А Савелий Маркелыч скоро убедился, что постоянное присутствие помощницы в лазарете весьма для него удобно: больные всегда под присмотром, в помещениях чистота и порядок, а «бинды» выстираны и смотаны. И за лекарственными травами ходить вдвоем куда как лучше. Больше того, он стал учить помощницу всему, что знал сам, а она с радостью впитывала новые знания и умения: мало ли что, вдруг пригодится.
И еще было одно обстоятельство, сделавшее пребывание бесконвойной Телегиной при фельдшере жизненно ему необходимым. Савелий Маркелыч больше тридцати лет прослужил при Газимуровском заводе, здесь и жену года два как схоронил. Детей у него не было, кухарку заводить не по карману, потому ел он что и как попало, и желудок уже начинал побаливать. А Татьяна ходила питаться в острог, три раза в день, теряла много времени, и однажды Савелий Маркелыч предложил ей заниматься готовкой у него дома, это в двух шагах от лазарета. Девушка согласилась сразу, без церемоний и смущений, засучив рукава, взялась за стряпню; с первого же обеда Савелий Маркелыч понял, что поступил исключительно благоразумно, начал с удовольствием пользоваться свалившейся на него радостью чревоугодия и незаметно для себя привязываться сердцем к красавице-каторжанке. Не как вдовец, ищущий новую жену, – нет, скорее как мужчина, никогда не имевший детей и не знающий, как с ними себя вести, и вдруг обретший взрослую дочь. Он привыкал к ее постоянному присутствию рядом или неподалеку, говорил и двигался осторожно, словно боялся обидеть неловким словом или неверным жестом. Обидеть так, что она развернется и уйдет. Навсегда. Он, похоже, даже не задумывался, что идти-то ей некуда, что свою каморку при лазарете она почитает как ниспосланную небом за ее безвинные страдания, и тихо стыдливо радовался, что тянуть каторжанскую лямку Татьяне еще целых четыре года, а там, глядишь, и на поселение останется. И станет для него настоящей дочкой.

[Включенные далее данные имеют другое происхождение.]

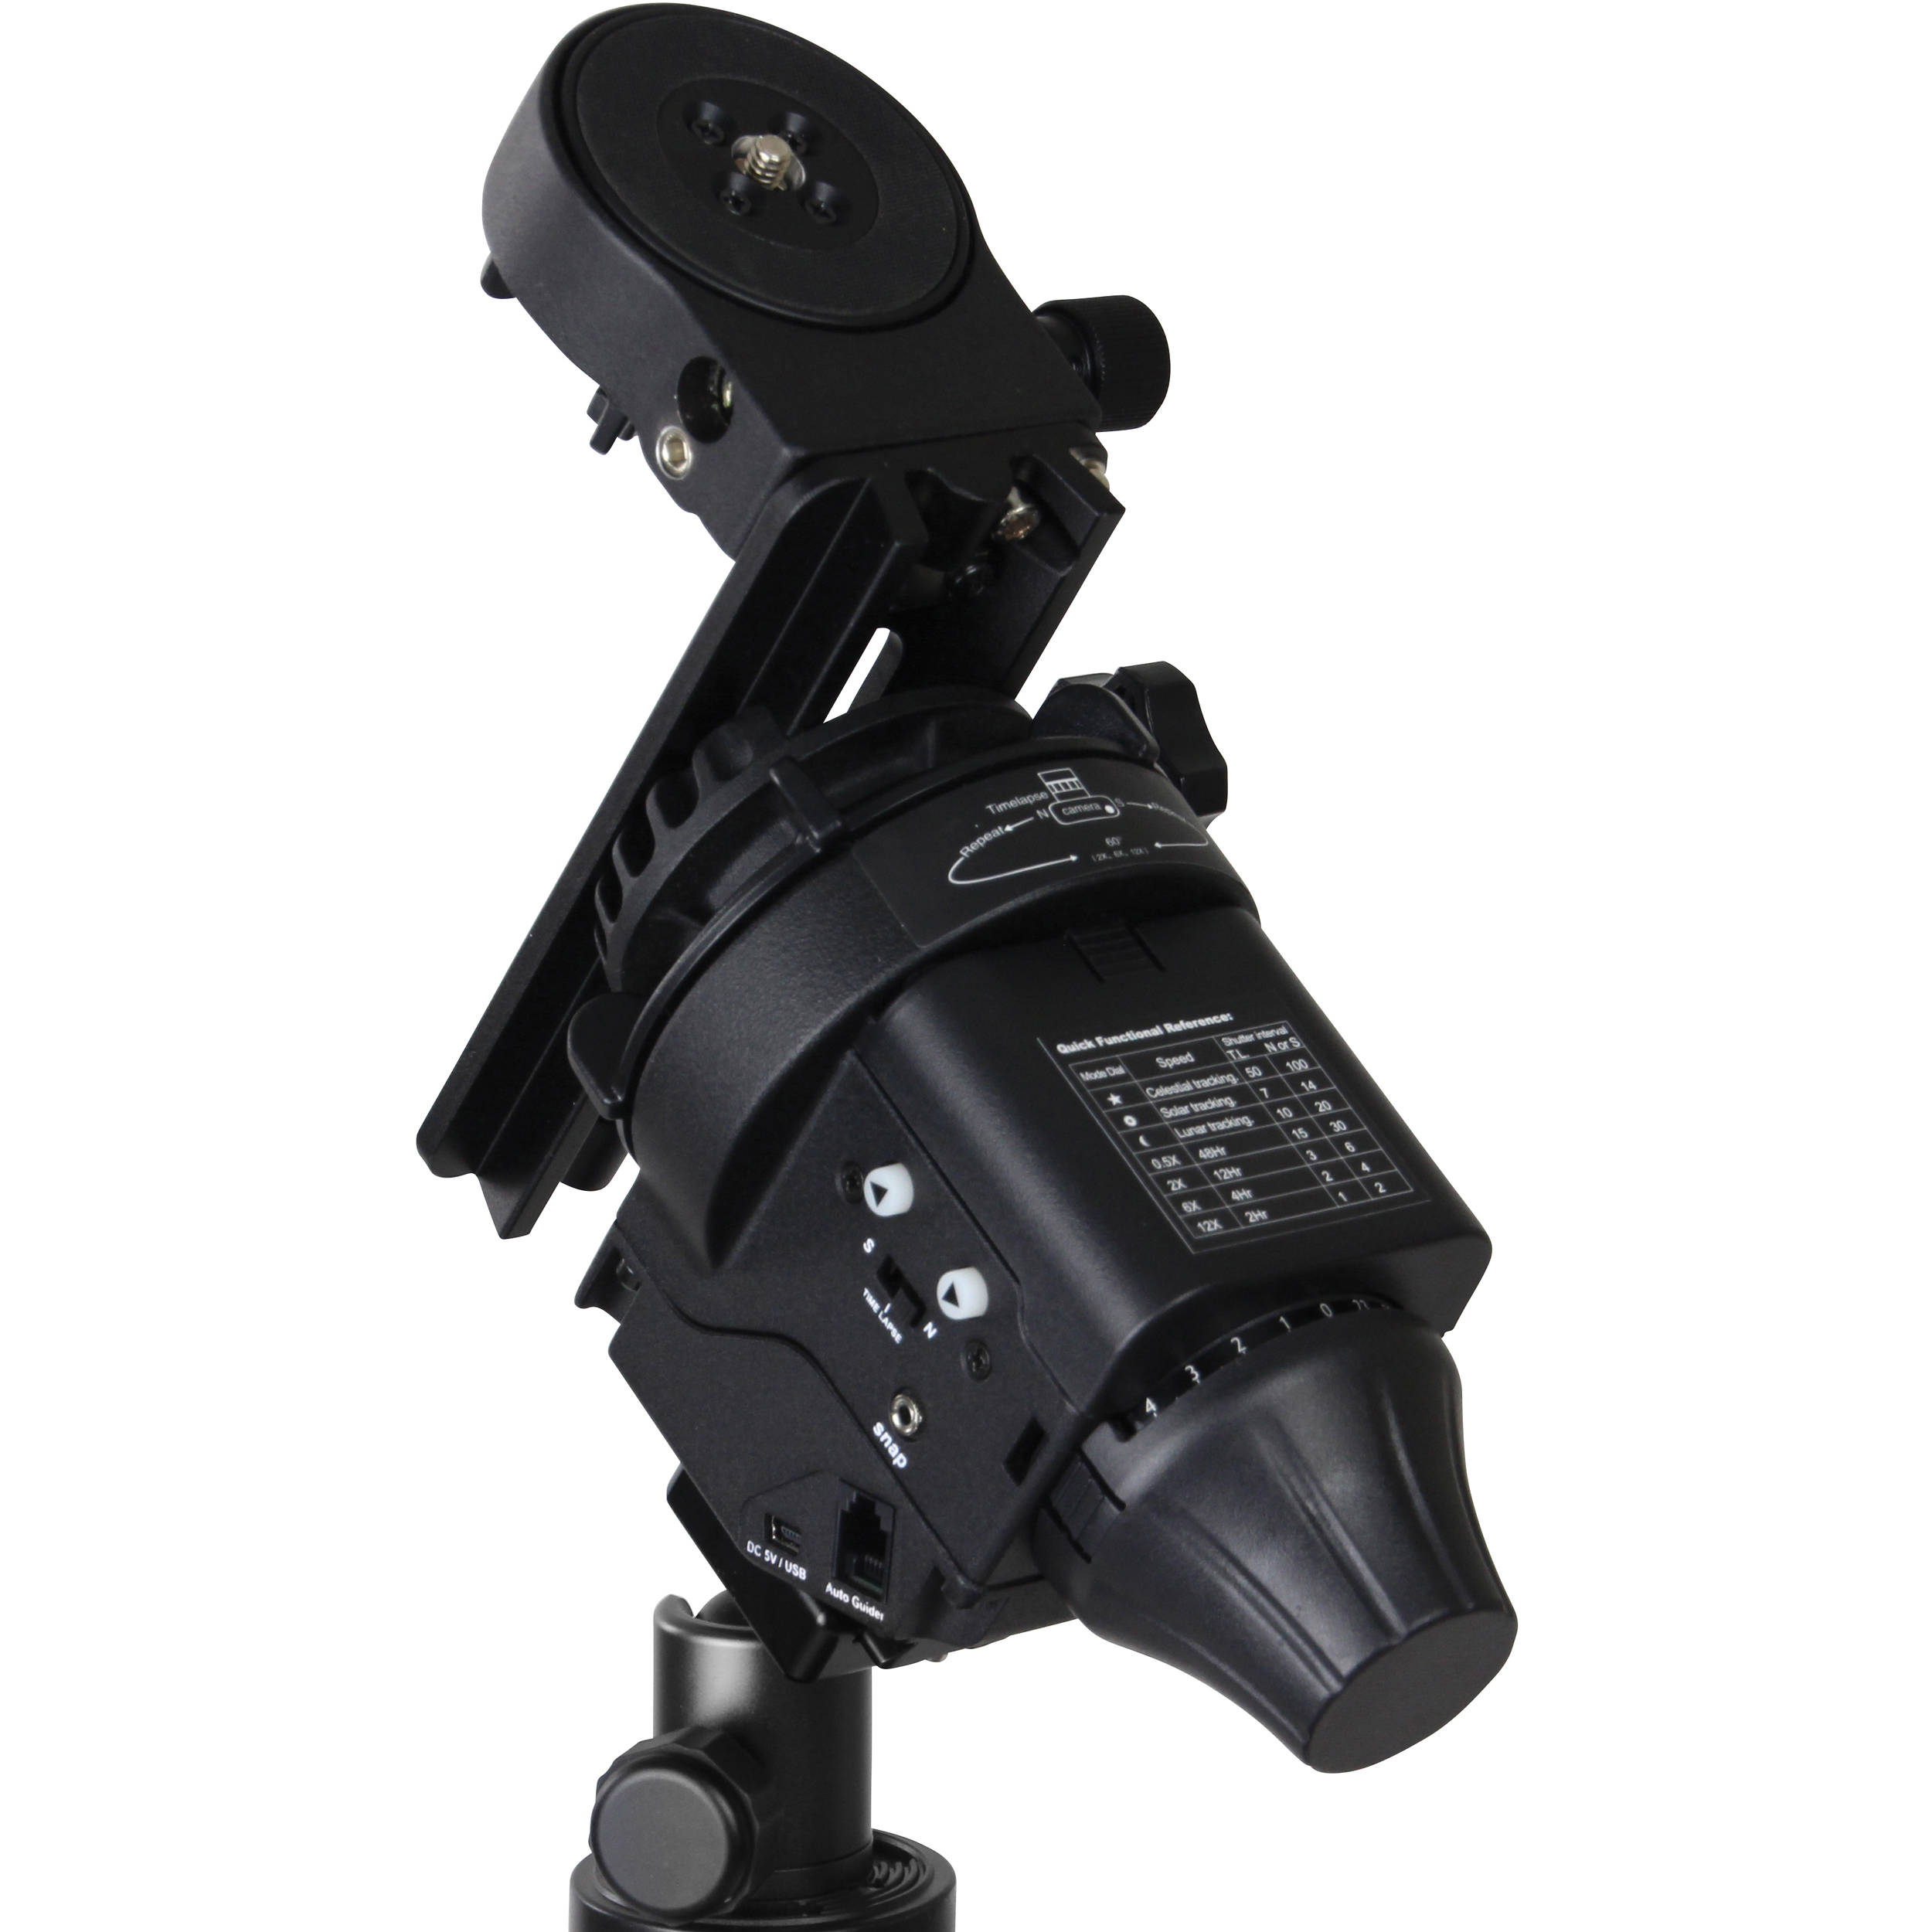 Sky watcher star adventurer motorized mount astro package for Motorized video camera mount
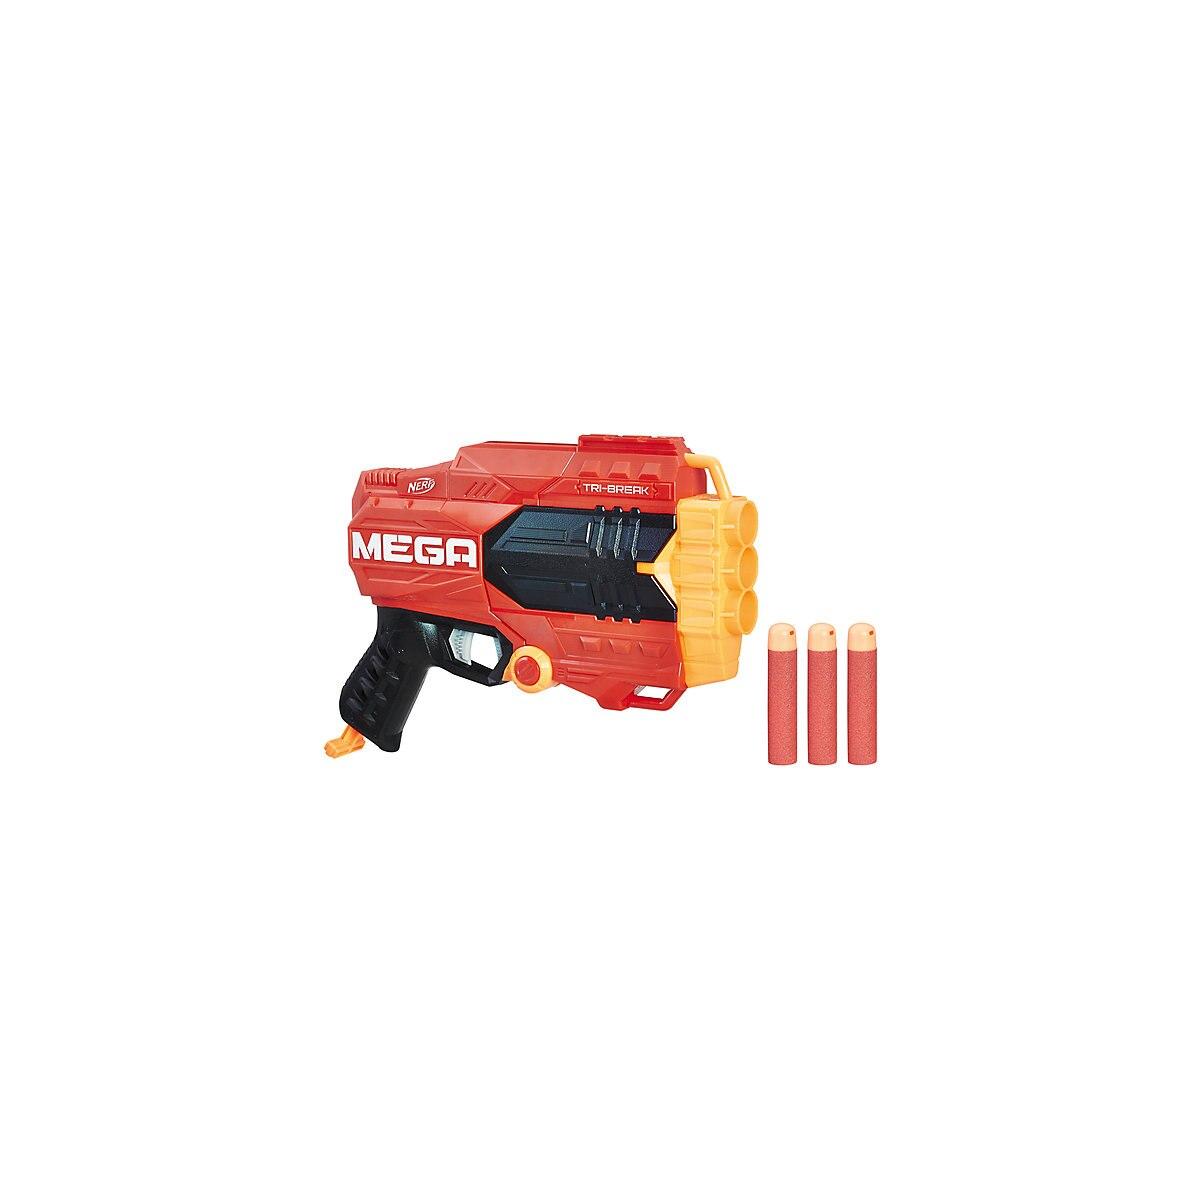 NERF jouet pistolets 7922801 pistolet arme jouets jeux pneumatique blaster garçon orbiz revolver plein air plaisir sport MTpromo

Для Тани не были секретом его мысли и чувствования. (Это Савелий Маркелыч думал, что умело таится, и не предполагал, что все написано на его простоватом морщинистом лице.) Они ее ничуть не обижали, скорее наоборот, она и сама тянулась к старику, искала в нем отца и в чем-то находила схожесть. Казалось бы, что может быть общего у человека образованного, бывшего военного фельдшера, прошедшего с русской армией всю Европу, и темного сибирского крестьянина, никогда не выезжавшего из своей деревни дальше уездного Шадринска, но Татьяна видела их главную похожесть – в бесконечно уважительном отношении к труду. Как своему, так и чужому. Сызмала она помнила слова отца, что без добрых крестьянских рук земля оставалась бы дикой, заросшей лесами, и ее не называли бы ласково кормилицей и матушкой, а теперь Савелий Маркелыч как бы в добавление не уставал повторять, что лучшие снадобья для здоровья человека те, которые мать-земля дарит, а лекари сии дары принимают и пользуют ими больных. И если эти слова двух много поживших людей соединить, то нет на земле никого главнее крестьян и лекарей.
Такие вот размышления теснились в златоволосой головке Танюхи Телегиной, когда она сидела, пригорюнившись, на топчане в своей каморке. Савелий Маркелыч был на обходе заводских цехов, и в лазарете стояла тишина, если не считать томных вздохов, долетавших из палаты. Как быстро у них все сладилось, подумала Танюха на очередном вздохе Любаши. Однако слюбились-смилешились – ну и пусть, ну и ладно! И тут неожиданные слезы горячими ручьями хлынули из ее глаз. Что ж это такое! Неужто сон, такой хороший, такой вещий, обманул, и она не получит своего кусочка радости, пускай маленького, не такого, как у Любаши, но своего собственного? Ну, не поверила ему – так что, сразу и наказывать?!
Сердце кольнула вдруг ехидная мыслишка: а может, все это время, что на каторге, она вела себя неправильно? А следом и другие мысли. Может быть, надо было не отказывать домогавшимся ее тела конвойным, надзирателям, тем же изголодавшимся каторжанам? Любаша, вон, не отказывала и дождалась своего королевича Елисея. Те, кто домогался, они ведь в душу не лезли, им душа без надобности, а вот груди девичьи помять-потискать и другие мягкие места полапать, дорваться до самого горячего и выплеснуть в него свою сокровенную мужскую нерастраченность – это главное, чего жаждал каждый более-менее сильный мужик. А у нее самой от этого что-нибудь разве бы убыло? И до встречи с Гринькой, поди-ка, уже не девка была, и он знал об этом, а все равно любил, иначе не потянулся бы за ней в каторжные места.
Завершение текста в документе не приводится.